Here Xray acts as the public entry point: it listens on 443\tcp, uses a local loopback (via internal port 10444) to prepend the PROXYv2 header, and encapsulates the payload via Reality to Server B, instructing Server B to deliver it to its local 127.0.0.1:8443 port (where telemt will listen).
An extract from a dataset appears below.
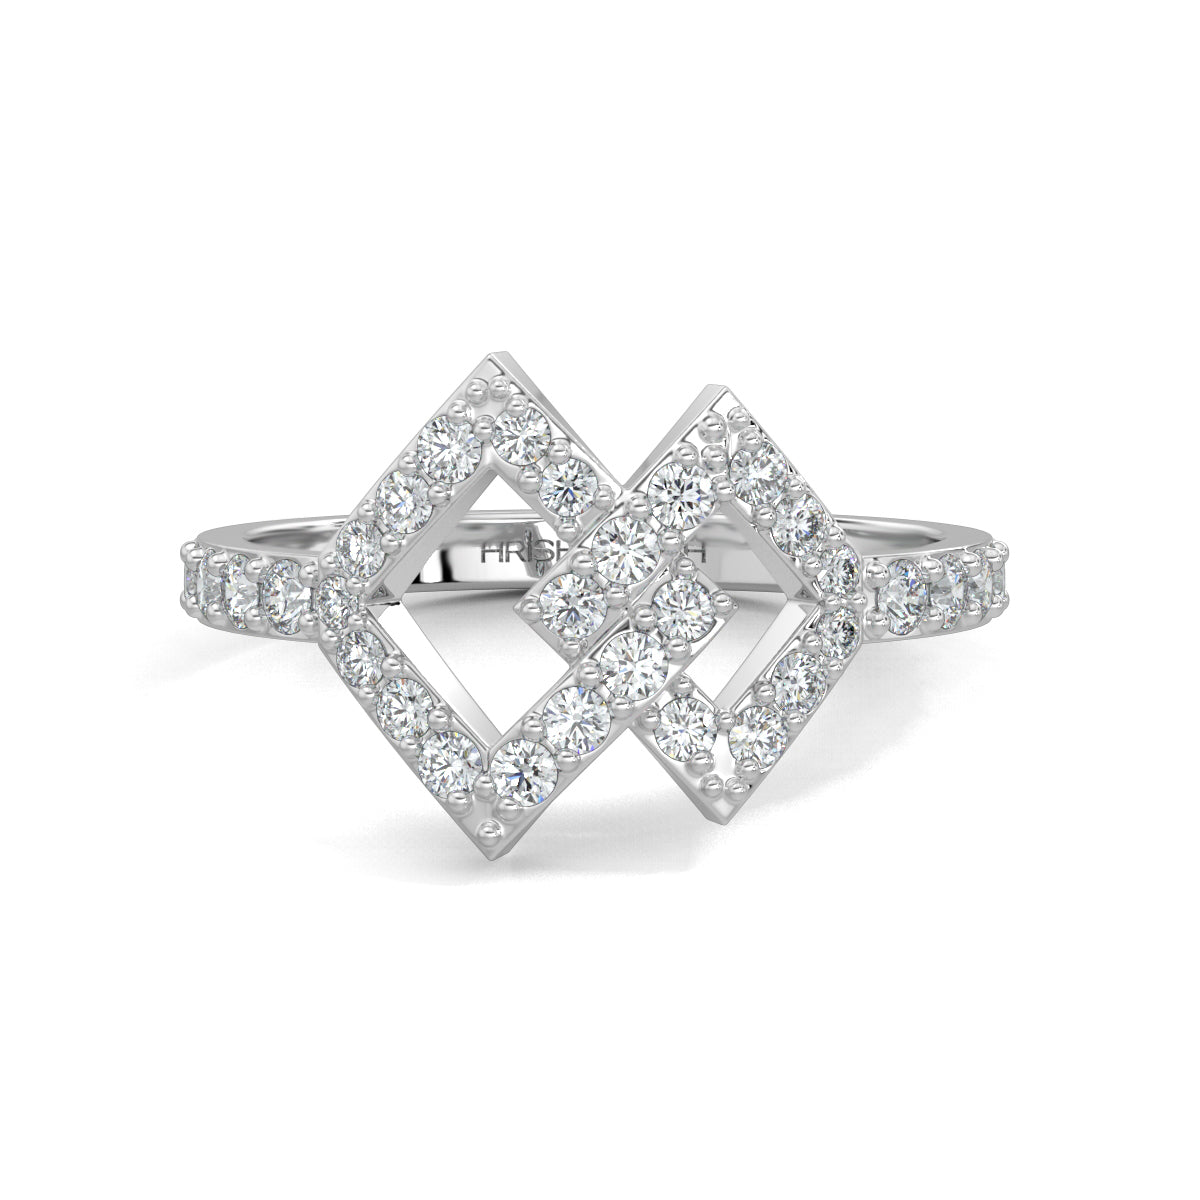 White Gold, Diamond Ring, Natural diamond ring, Lab-grown diamond ring, intertwined diamond design, round diamond accents, unity symbol ring, elegant diamond band.

nano /usr/local/etc/xray/config.json
File content:
{
"log": {
"loglevel": "error",
"access": "none"
},
"inbounds": [
{
"tag": "public-in",
"port": 443,
"listen": "0.0.0.0",
"protocol": "dokodemo-door",
"settings": {
"address": "127.0.0.1",
"port": 10444,
"network": "tcp"
}
},
{
"tag": "tunnel-in",
"port": 10444,
"listen": "127.0.0.1",
"protocol": "dokodemo-door",
"settings": {
"address": "127.0.0.1",
"port": 8443,
"network": "tcp"
}
}
],
"outbounds": [
{
"tag": "local-injector",
"protocol": "freedom",
"settings": {
"proxyProtocol": 2
}
},
{
"tag": "vless-out",
"protocol": "vless",
"settings": {
"vnext": [
{
"address": "<PUBLIC_IP_SERVER_B>",
"port": 443,
"users": [
{
"id": "<XRAY_UUID>",
"encryption": "none"
}
]
}
]
},
"streamSettings": {
"network": "xhttp",
"security": "reality",
"realitySettings": {
"serverName": "yahoo.com",
"publicKey": "<SERVER_B_PUBLIC_KEY>",
"shortId": "<SHORT_ID>",
"spiderX": "/",
"fingerprint": "chrome"
},
"xhttpSettings": {
"path": "/<YOUR_RANDOM_PATH>"
}
}
}
],
"routing": {
"domainStrategy": "AsIs",
"rules": [
{
"type": "field",
"inboundTag": ["public-in"],
"outboundTag": "local-injector"
},
{
"type": "field",
"inboundTag": ["tunnel-in"],
"outboundTag": "vless-out"
}
]
}
}
Replace <PUBLIC_IP_SERVER_B> with the public IP address of Server B.
Open the firewall port for clients (if enabled):
sudo ufw allow 443/tcp
Restart and setup Xray to run at boot:
sudo systemctl restart xray
sudo systemctl enable xray
Step 2. Install telemt on Server B (EU)
telemt installation is heavily covered in the Quick Start Guide.
By contrast to standard setups, telemt must listen strictly locally (since Xray occupies the public 443 interface) and must expect PROXYv2 packets.
Edit the configuration file (config.toml) on Server B accordingly:
[server]
port = 8443
listen_addr_ipv4 = "127.0.0.1"
proxy_protocol = true
[general.links]
show = "*"
public_host = "<FQDN_OR_IP_SERVER_A>"
public_port = 443
- Address
127.0.0.1andport = 8443instructs the core proxy router to process connections unpacked locally via Xray-server. proxy_protocol = truecommands telemt to parse the injected PROXY header (from Server A's Xray local loopback) and log genuine end-user IPs.- Under
public_host, place Server A's public IP address or FQDN to ensure working links are generated for Telegram users.
Restart telemt. Your server is now robust against DPI scanners, passing traffic optimally.